Si vous suivez les projets de Karpathy, vous connaissez peut-être nanoGPT, son projet précédent. La différence principale réside dans la complétude. NanoGPT se concentrait sur le pré-entraînement d'un modèle de type GPT. Nanochat couvre l'ensemble du pipeline, du tokenizer BPE à l'interface web, en passant par le fine-tuning et le RLHF. C'est la différence entre construire un moteur et construire une voiture complète.
Par rapport aux LLM commerciaux (ChatGPT, Claude, Gemini), la comparaison n'a pas vraiment de sens. Ces modèles ont été entraînés avec des budgets de dizaines de millions de dollars, sur des milliers de GPU pendant des mois. Nanochat est un microscope pour comprendre comment ces modèles fonctionnent, pas un concurrent.
Vous êtes étudiant ou chercheur en IA et souhaitez comprendre le pipeline complet d'entraînement d'un LLM. Vous êtes développeur et voulez expérimenter avec l'architecture des modèles de langage. Vous êtes CTO et avez besoin d'estimer les coûts et la faisabilité d'un projet LLM interne. Vous êtes formateur et cherchez un support pratique pour enseigner le deep learning. Vous êtes passionné par l'IA et voulez voir de l'intérieur comment fonctionne un ChatGPT.
Vous cherchez un chatbot prêt à l'emploi pour votre entreprise. Vous n'avez aucune expérience en programmation ou en machine learning. Vous avez besoin d'un modèle fiable et sécurisé pour des utilisateurs finaux. Vous n'avez pas de budget pour la location de GPU cloud.
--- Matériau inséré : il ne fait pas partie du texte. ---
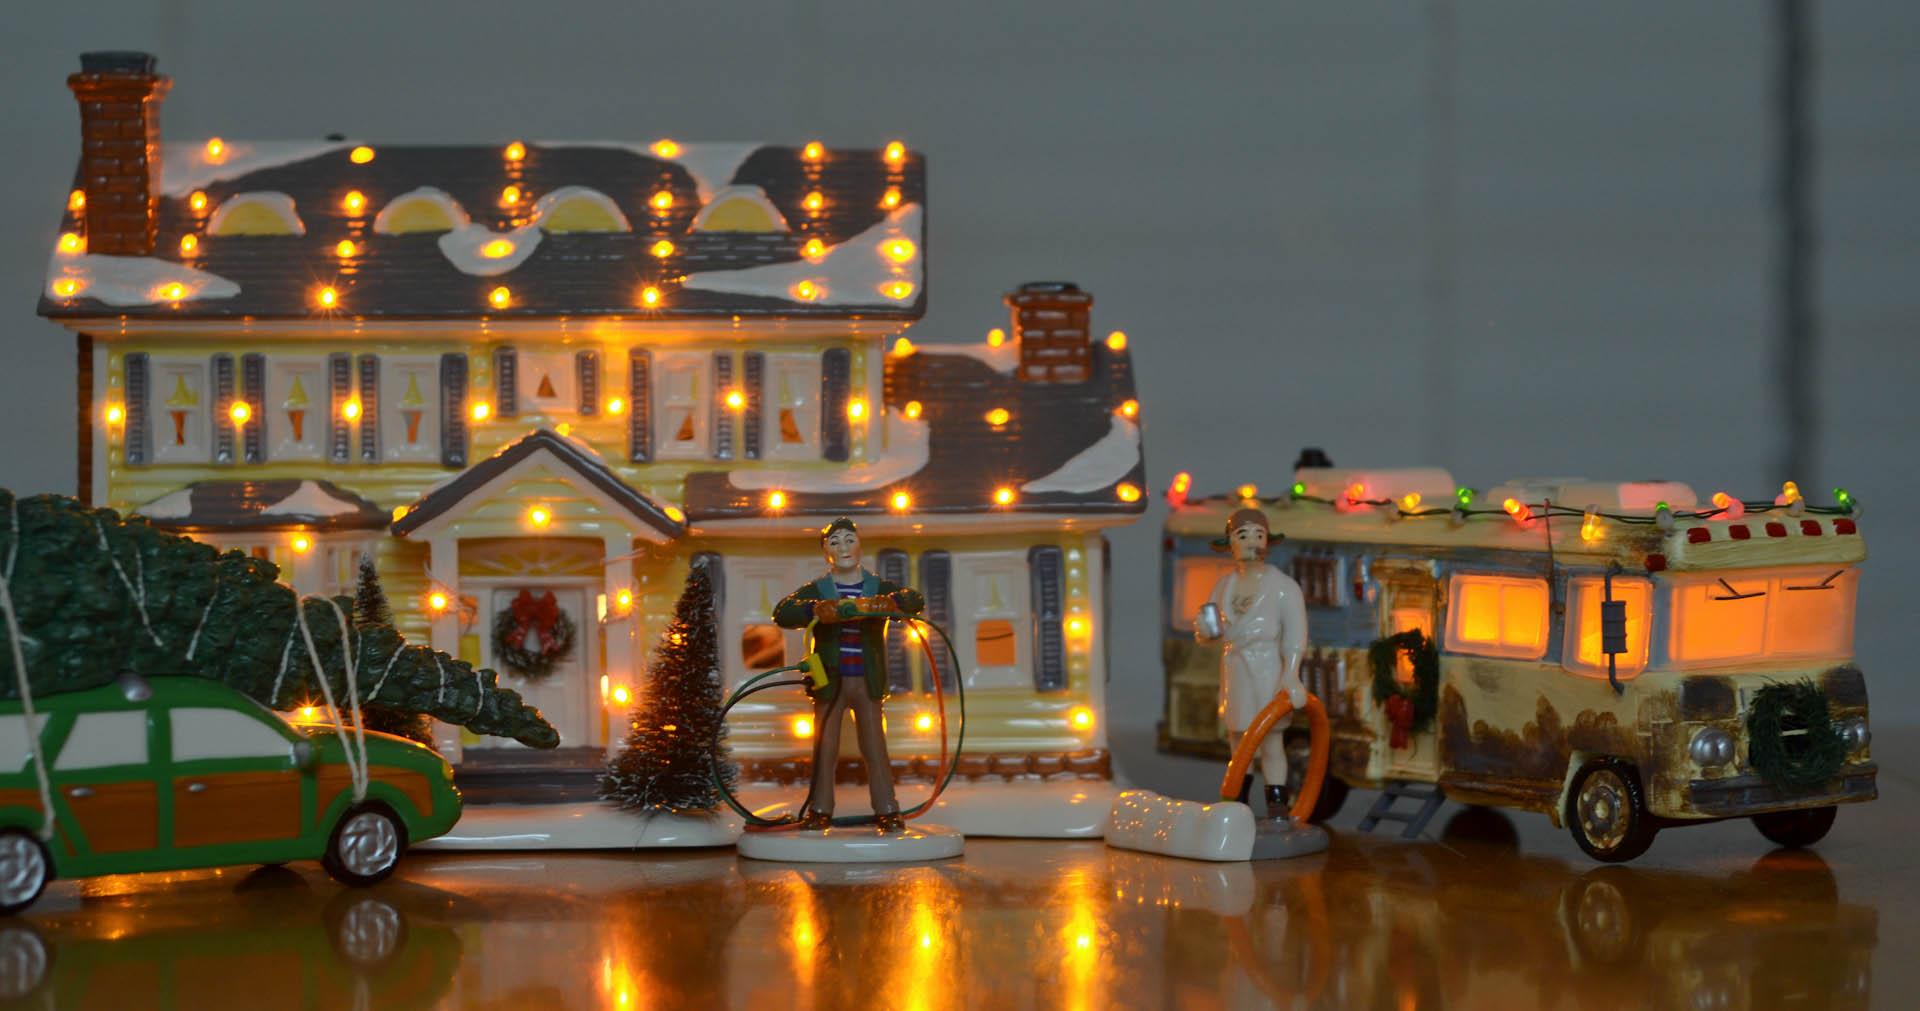 -CHRISTMAS-VACATION national lampoon christmas comedy h wallpaper ...

Nanochat seul serait déjà un projet remarquable : la démocratisation de l'entraînement des LLM, rendue accessible pour le prix d'un dîner dans un bon restaurant. Mais c'est autoresearch qui marque un véritable tournant. L'idée que des agents IA puissent itérer de manière autonome sur le processus d'entraînement, découvrir des optimisations que les humains avaient manquées et organiser leurs recherches comme une équipe structurée, cela redéfinit la manière dont nous concevons la recherche en intelligence artificielle.
Avec 42 900 étoiles sur GitHub, une communauté active et l'engagement de figures comme le PDG de Shopify, nanochat est devenu bien plus qu'un projet éducatif. C'est un laboratoire ouvert où s'inventent les méthodes de recherche en IA de demain. Et à 100 dollars l'entrée, le ticket n'a jamais été aussi abordable.